Structure-Function of Synthetic Membrane-Sealant Copolymers for Dystrophic Muscle

Abstract

Muscle membrane vulnerability is a hallmark of Duchenne Muscular Dystrophy (DMD), an X-linked neuromuscular disease that results in progressive skeletal muscle weakness and significant cardiomyopathy. We propose the use of membrane-sealant copolymers as an innovative and unique potential therapeutic for DMD. The tri-block copolymer family comprises molecules made of a hydrophobic polypropylene oxide (PPO) core flanked bilaterally by linear chains of hydrophilic polyethylene oxide (PEO) chemical moieties. Block copolymers exist at various molecular weights and PPO/PEO ratios and it is currently not known what structural properties confer membrane sealing capacity to copolymers of this family. We and other groups have shown that one such sealant, poloxamer P188, protects dystrophic hearts in vitro and in vivo in both small and large animal models of DMD but its apparent efficacy is significantly reduced in skeletal muscle in vivo.

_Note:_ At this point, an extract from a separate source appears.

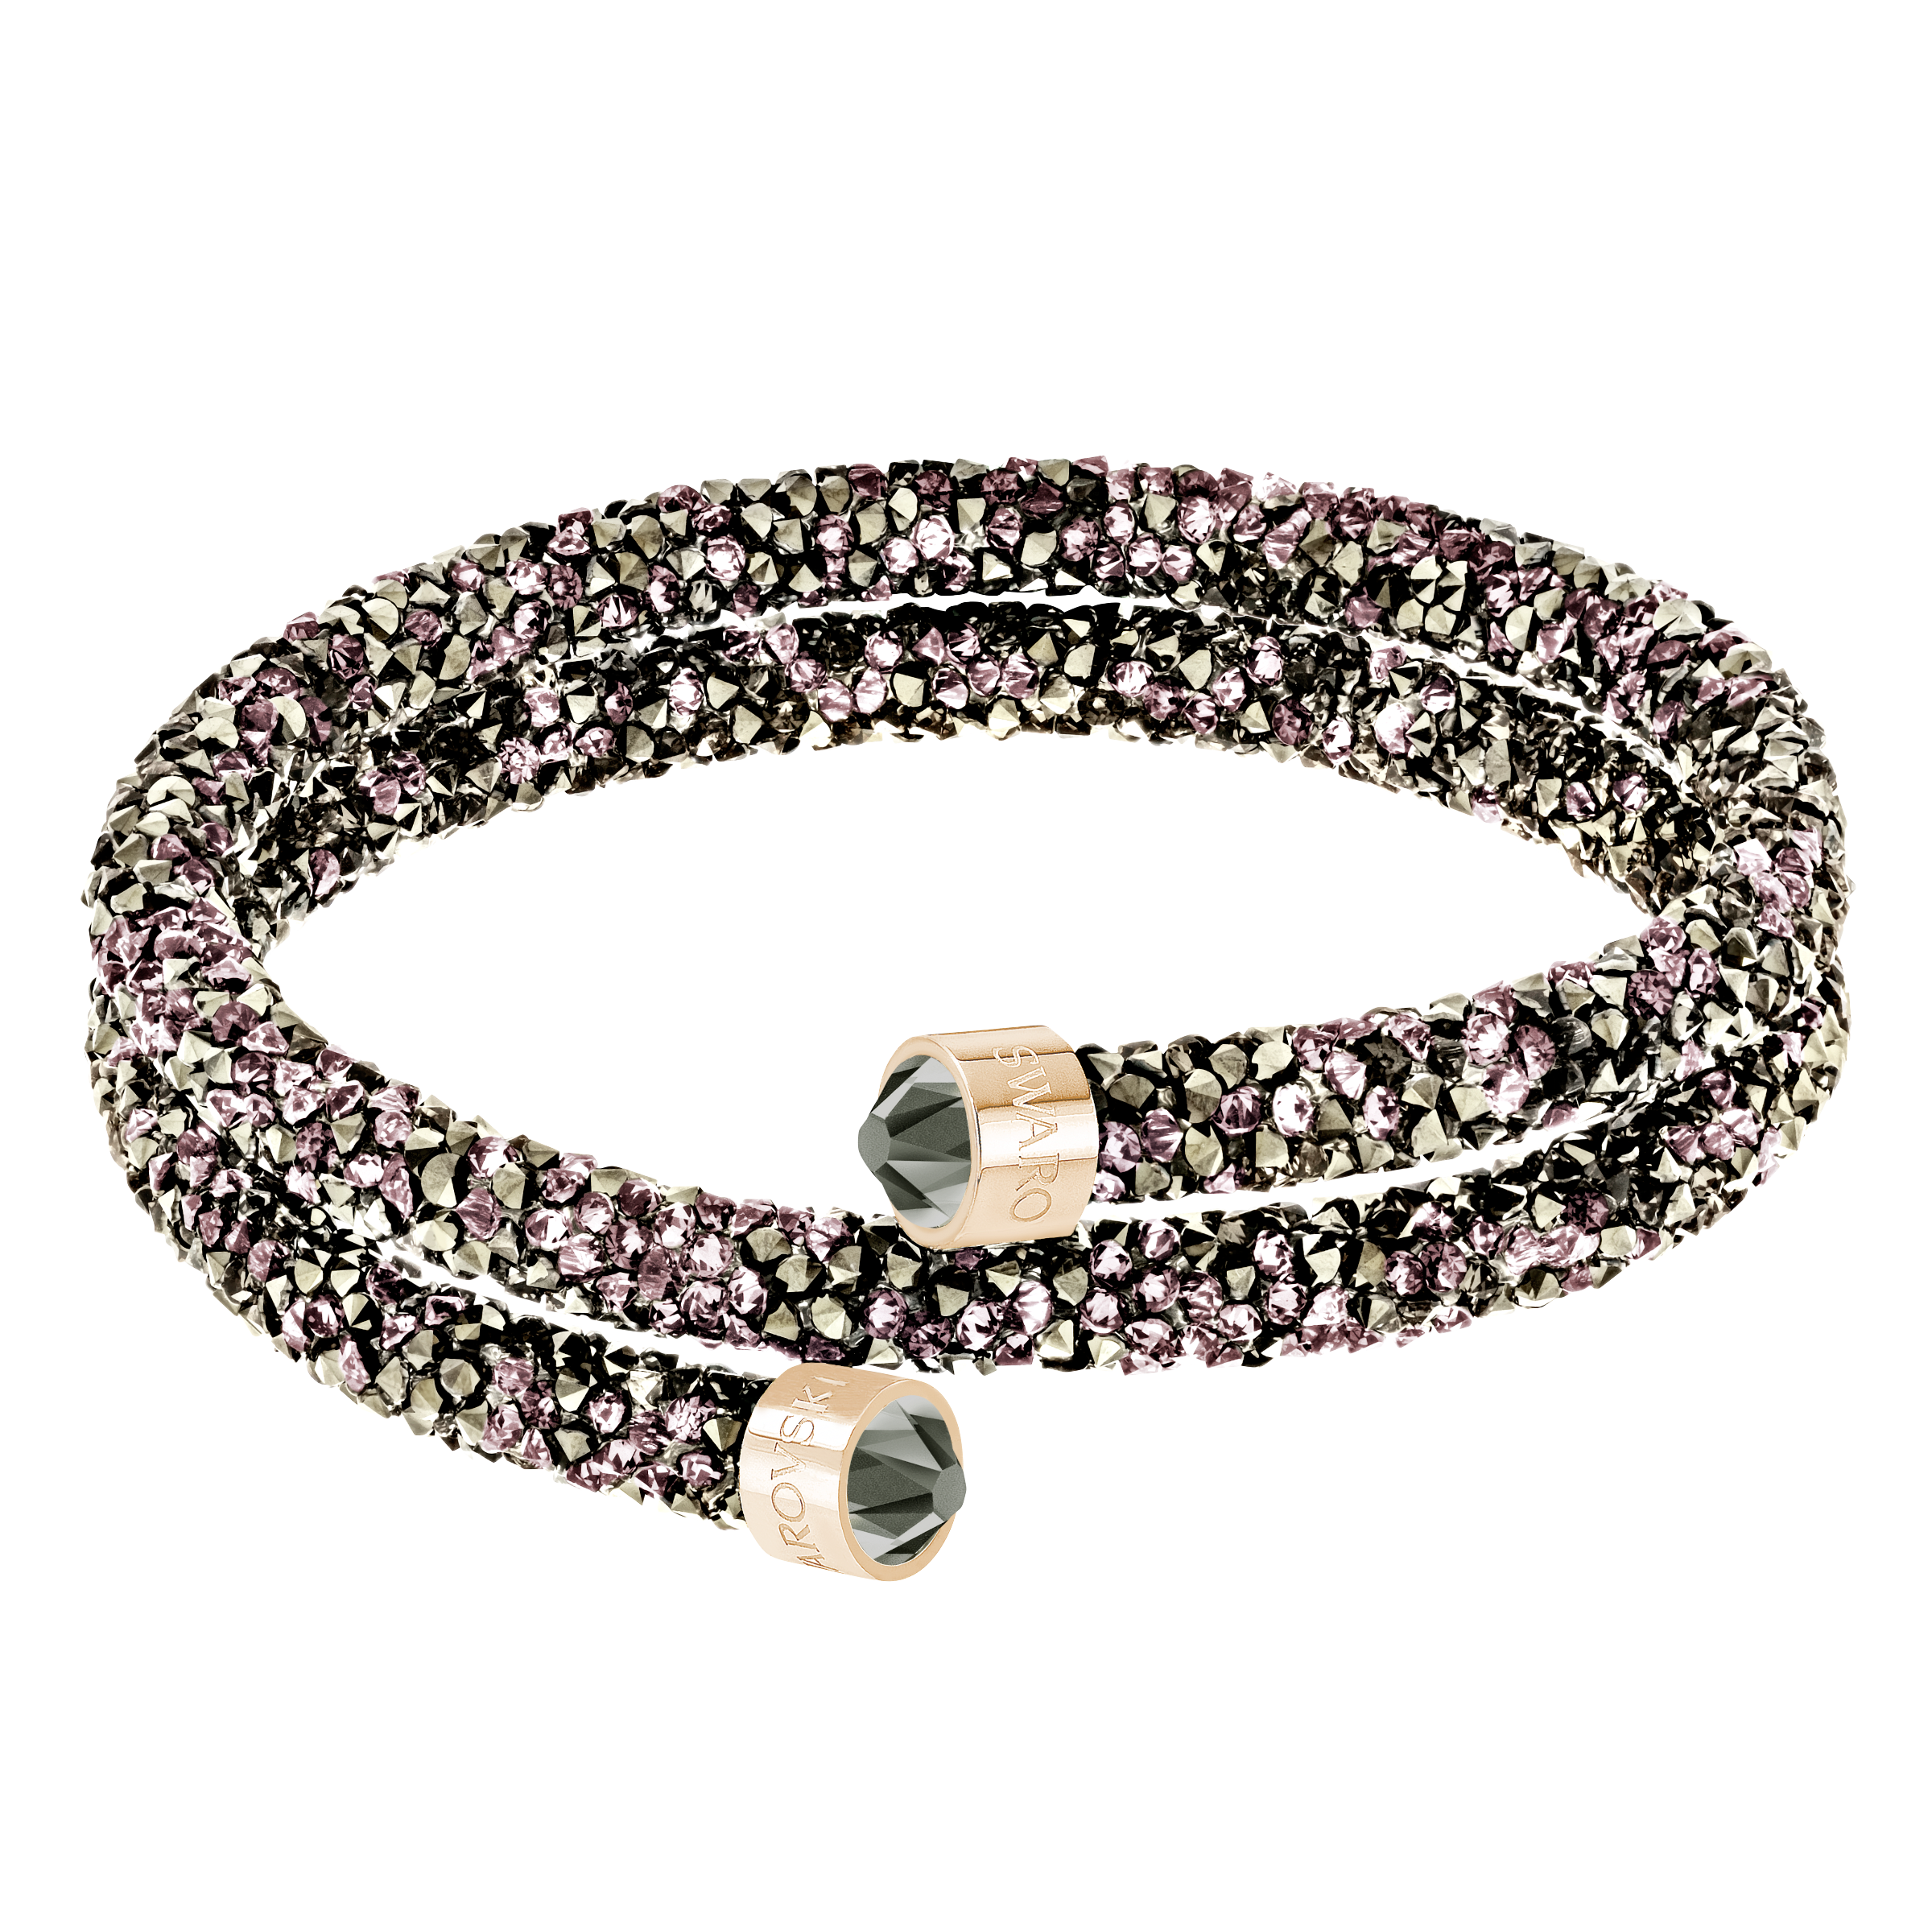 Crystaldust Double Bangle, Multi-colored, Rose-gold tone plated

This underscores the importance of discovering more potent membrane sealants to treat all striated muscles in DMD. We have initiated a collaborative structure-function approach by implementing and refining an in vitro membrane injuring osmotic and shear stress assay to analyze the membrane sealing functions of these tri-block copolymer family members on dystrophic skeletal muscle to systematically determine the effects of PPO/PEO ratio and molecular weight on membrane protection. We will present progress on copolymer structure-function understanding and discuss how these new data will shed light into the structural requisite for more efficacious and potent membrane sealants.